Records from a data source
# # # #
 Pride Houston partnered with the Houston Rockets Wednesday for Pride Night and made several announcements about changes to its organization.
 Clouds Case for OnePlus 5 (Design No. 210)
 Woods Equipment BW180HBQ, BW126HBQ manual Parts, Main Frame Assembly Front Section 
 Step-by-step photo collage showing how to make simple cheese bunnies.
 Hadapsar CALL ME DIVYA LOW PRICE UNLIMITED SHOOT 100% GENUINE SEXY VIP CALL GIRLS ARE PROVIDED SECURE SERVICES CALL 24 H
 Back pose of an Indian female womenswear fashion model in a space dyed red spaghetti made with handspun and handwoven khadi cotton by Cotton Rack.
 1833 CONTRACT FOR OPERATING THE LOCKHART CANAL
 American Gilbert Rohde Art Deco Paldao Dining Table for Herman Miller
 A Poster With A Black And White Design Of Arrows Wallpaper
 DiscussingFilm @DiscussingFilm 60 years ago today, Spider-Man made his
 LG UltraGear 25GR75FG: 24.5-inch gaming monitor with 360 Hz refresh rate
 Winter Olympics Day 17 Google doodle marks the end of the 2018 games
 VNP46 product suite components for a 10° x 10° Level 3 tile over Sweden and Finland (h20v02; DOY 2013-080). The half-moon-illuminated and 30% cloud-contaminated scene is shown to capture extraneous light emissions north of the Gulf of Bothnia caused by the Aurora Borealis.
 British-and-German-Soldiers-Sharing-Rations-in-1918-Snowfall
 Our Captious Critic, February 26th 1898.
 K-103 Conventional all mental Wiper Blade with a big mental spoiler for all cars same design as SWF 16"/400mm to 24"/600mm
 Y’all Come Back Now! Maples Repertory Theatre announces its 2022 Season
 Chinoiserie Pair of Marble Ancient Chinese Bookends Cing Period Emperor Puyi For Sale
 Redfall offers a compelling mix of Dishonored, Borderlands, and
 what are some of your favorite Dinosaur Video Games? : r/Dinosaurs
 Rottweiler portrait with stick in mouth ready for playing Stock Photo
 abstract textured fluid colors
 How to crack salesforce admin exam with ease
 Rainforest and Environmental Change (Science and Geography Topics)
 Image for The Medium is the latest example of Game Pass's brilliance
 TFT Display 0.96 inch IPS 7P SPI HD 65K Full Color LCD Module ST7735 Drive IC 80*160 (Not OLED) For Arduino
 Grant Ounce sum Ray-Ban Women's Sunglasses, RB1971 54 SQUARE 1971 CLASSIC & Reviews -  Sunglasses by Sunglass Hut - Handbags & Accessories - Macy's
# # # #
Transcribe each line of the data above, unaltered, from the one where "DiscussingFilm @DiscussingFilm 60" appears to the one where "Winter Olympics Day" appears, inclusive of both.

_Exercise solution:_
 DiscussingFilm @DiscussingFilm 60 years ago today, Spider-Man made his
 LG UltraGear 25GR75FG: 24.5-inch gaming monitor with 360 Hz refresh rate
 Winter Olympics Day 17 Google doodle marks the end of the 2018 games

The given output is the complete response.